Detailed Description

The simulations will be conducted at the clinical simulation laboratory at Jean-Marc Lepage Pavilion of the University of Sherbrooke using high-fidelity mannequins. During the scenarios, the physician is expected to prescribe medications by mentioning the name, the dose and the route of administration of every medication. Moreover, if multiple dilution for a medication is possible, the physician is expected to mention the desired dilution.

The first pediatric scenario will be a refractory status epilepticus situation where we will evaluate the dosing of benzodiazepines, followed by a 2nd line antiepileptic agent (levetiracetam or phenytoin). If asked, the patient will have hypoglycemia and need IV glucose. The patient will eventually require intubation where we will evaluate the dosage of the induction agent, neuromuscular blocking agent (NMBA), ventilation parameters and intubation equipment (laryngoscope blade and endotracheal tube size). Post intubation, the participant will need to start a perfusion for refractory status epilepticus (midazolam or propofol).

The second pediatric scenario will be a cardiac arrest. The patient will be in ventricular fibrillation and we will evaluate the dosage of epinephrine, antiarrhythmic medication (amiodarone and/or lidocaine) and electric voltage for defibrillation. After return to spontaneous circulation, the patient will require vasopressors (epinephrine perfusion) for hypotension, following PALS guidelines.

The first adult scenario will be a case of calcium channel-blocker toxicity where we will evaluate the dosing of activated charcoal followed by high-dose insulin, dextrose and calcium. The patient will deteriorate and need a vasopressor perfusion and will eventually need intubation where we will evaluate the induction agent, NMBA, ventilation parameters and intubation equipment (laryngoscope blade and endotracheal tube size).

The second adult scenario will be an aortic dissection. We will evaluate the dose of beta blocker (labetalol or esmolol) and the dose of clevidipine, nicardipine or nitroprusside.

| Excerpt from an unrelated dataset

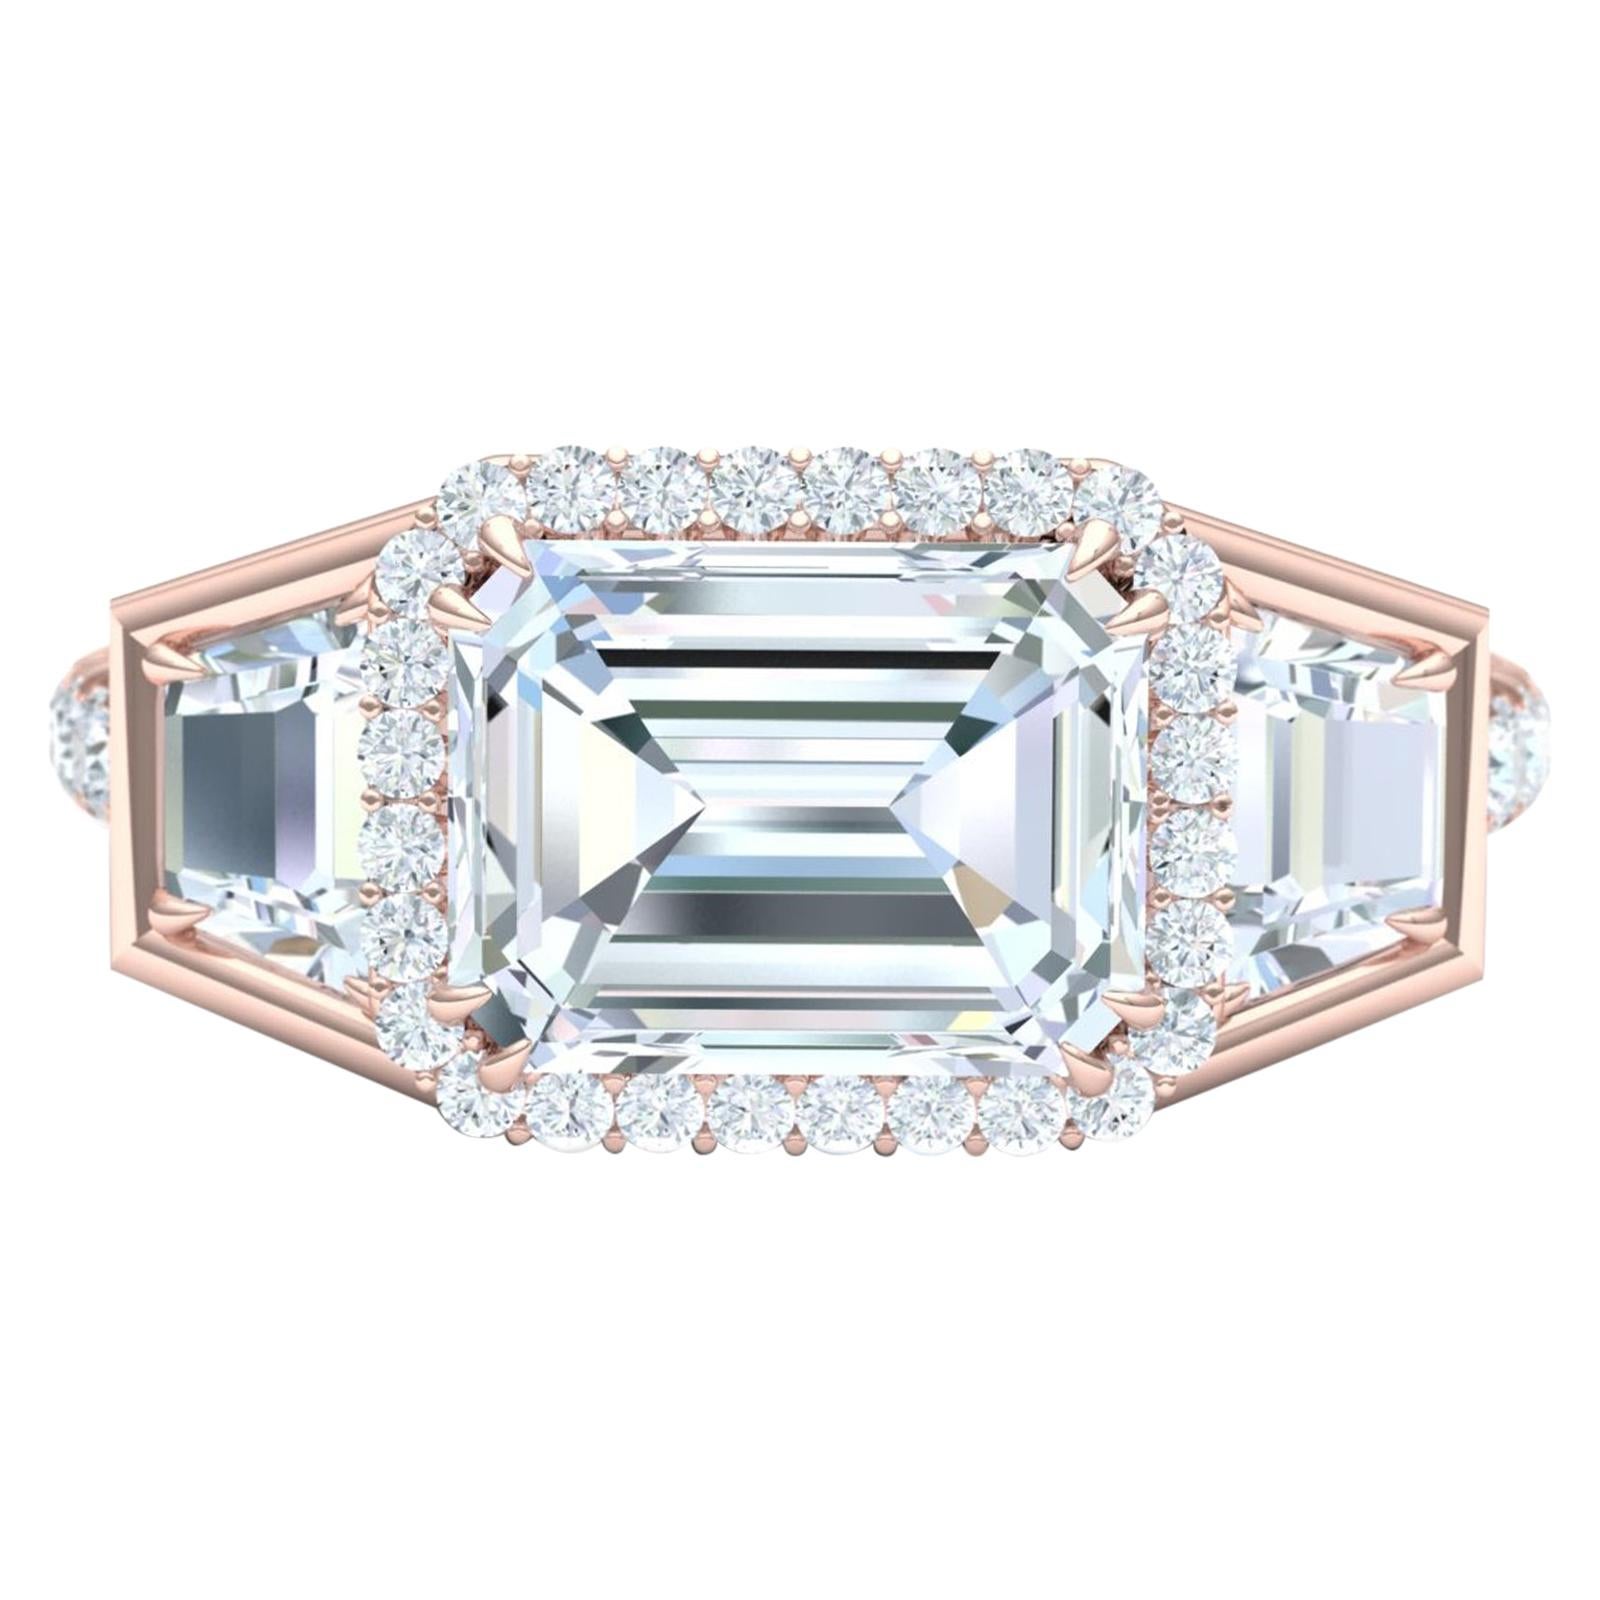 3 Carat Emerald Cut GIA Certified Diamond Engagement Rose Gold Ring For Sale

We will also evaluate the dosage of fentanyl for analgesia.

Study Timeline

• Status Verified: 2025-01
• Study Start: 2025-01-10
• Study First Submitted: 2025-01-10
• Primary Completion: 2025-01-15
• Study Completion: 2025-01-15
• Study First Submitted QC: 2025-01-27
• Last Update Submitted: 2025-01-27
• Study First Posted: 2025-02-03
• Last Update Posted: 2025-02-03

Recruitment & Eligibility

• Status: COMPLETED
• Sex: All
• Target Recruitment: 24

Inclusion Criteria

The participants will be recruited from one regional hospital (Haut-Richelieu hospital) and one university hospital (Charles LeMoyne Hospital).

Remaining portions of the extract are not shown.